Reasons for making different subclasses include
  • The different types have a different behaviour
  • The different types are used differently. If you see that you have a lot of operations with an implementation that hase a swith-case statement on the subtype of the class then it might be better to design them as subclasses. This allows you to create overloaded operations that only process one specific subtype of the class.

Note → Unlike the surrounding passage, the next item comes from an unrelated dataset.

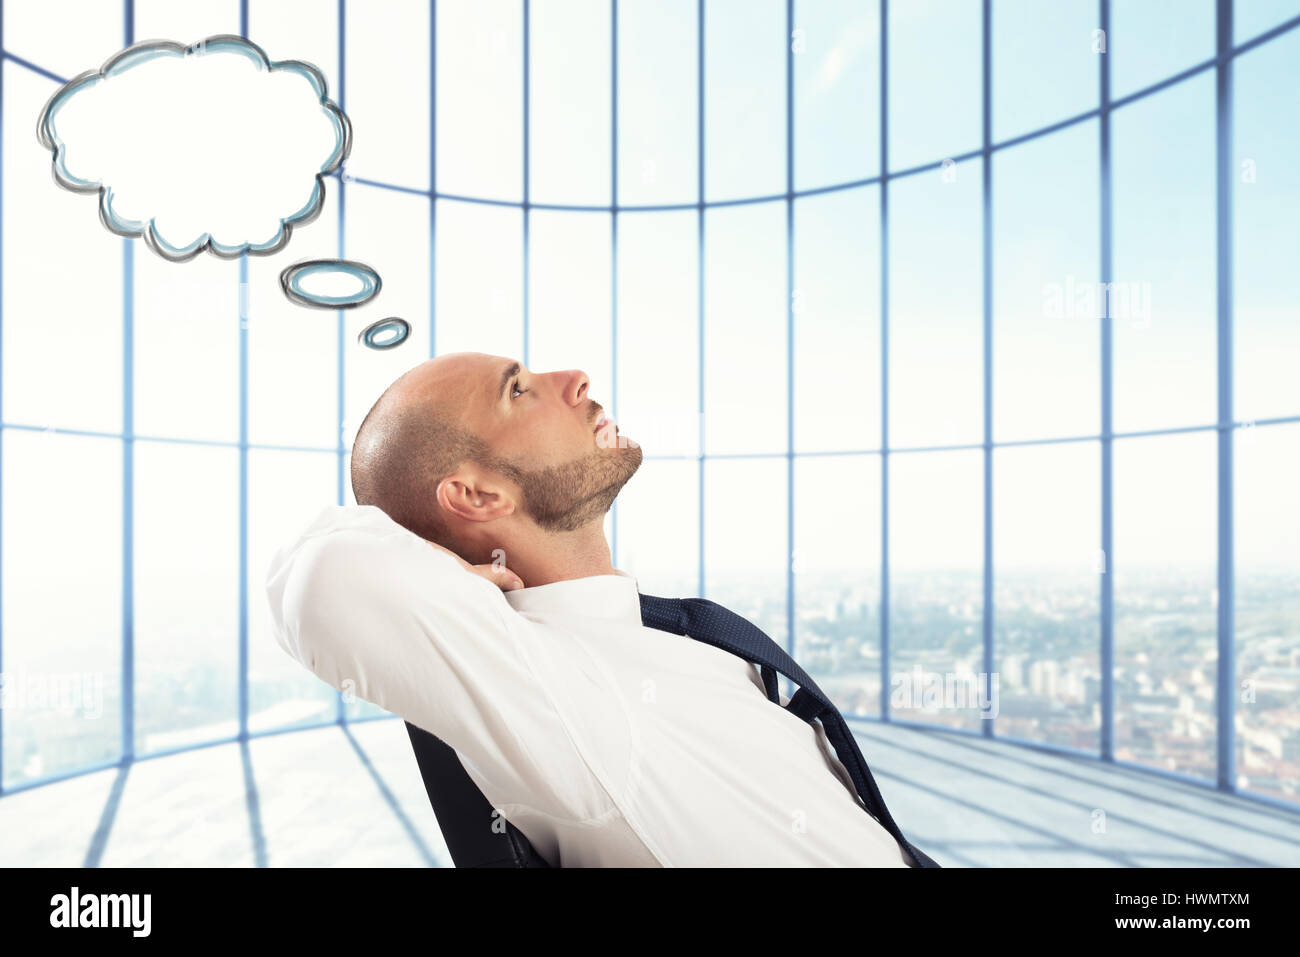 Successful Businessman relax and think Stock Photo
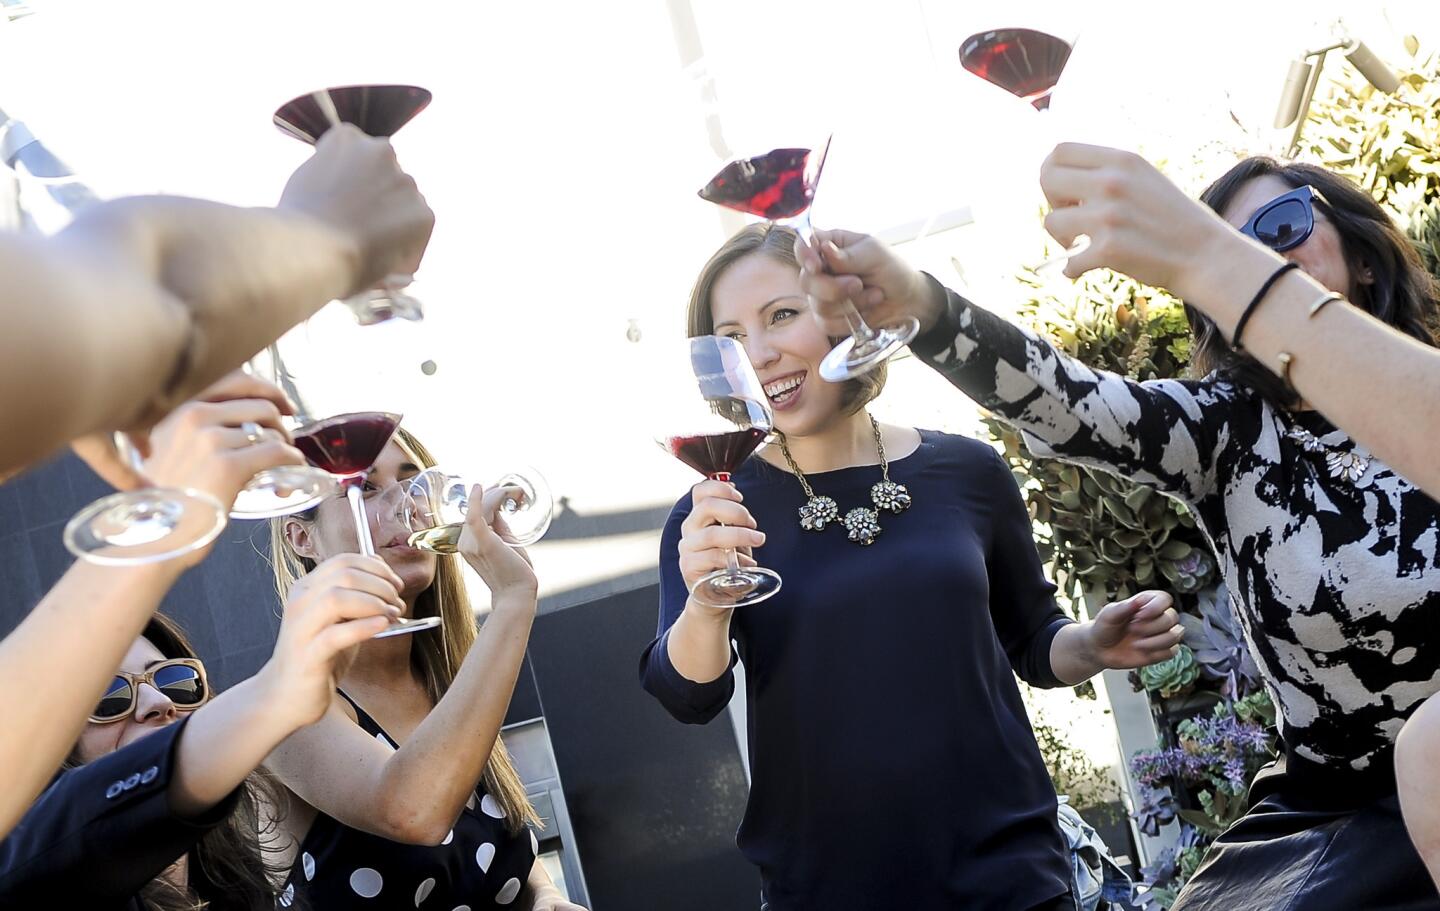 Elizabeth Huettinger, wine director at Otium restaurant, center, hosts a gathering of sommeliers and friends at her apartment building, the newly completed Emerson in downtown L.A.

Reasons for using the a type attribute (or an association to a type class) include
  • The nature of the subtypes is dynamic -> you need to be able to create new subtypes at runtime.
  • The subtype of the class is only a classification, the behavior of the different subtypes is pretty much the same.
  • You expect a lot of different subtypes

Even when some subtypes have a different behavior from others, you might want to choose for the "type attribute" solution.
If this is the case it would probably be best to create a "type" class: like that defines the type of the class (because it has an association to it) and also defines the different aspects of its behavior.

Usually in things like this the behavior of the different subtype can be divided in some categories: a set of types uses behavior "A" where another set uses behavior "B". If this is the case you might want to look at the Strategy pattern on how to achieve this.

But as Bruce already said, there is indeed no way for us the know which of these choices is best for you without knowing the whole context. The only thing we could do is review the diagram on the formal UML rules. Everything else depends on the the context.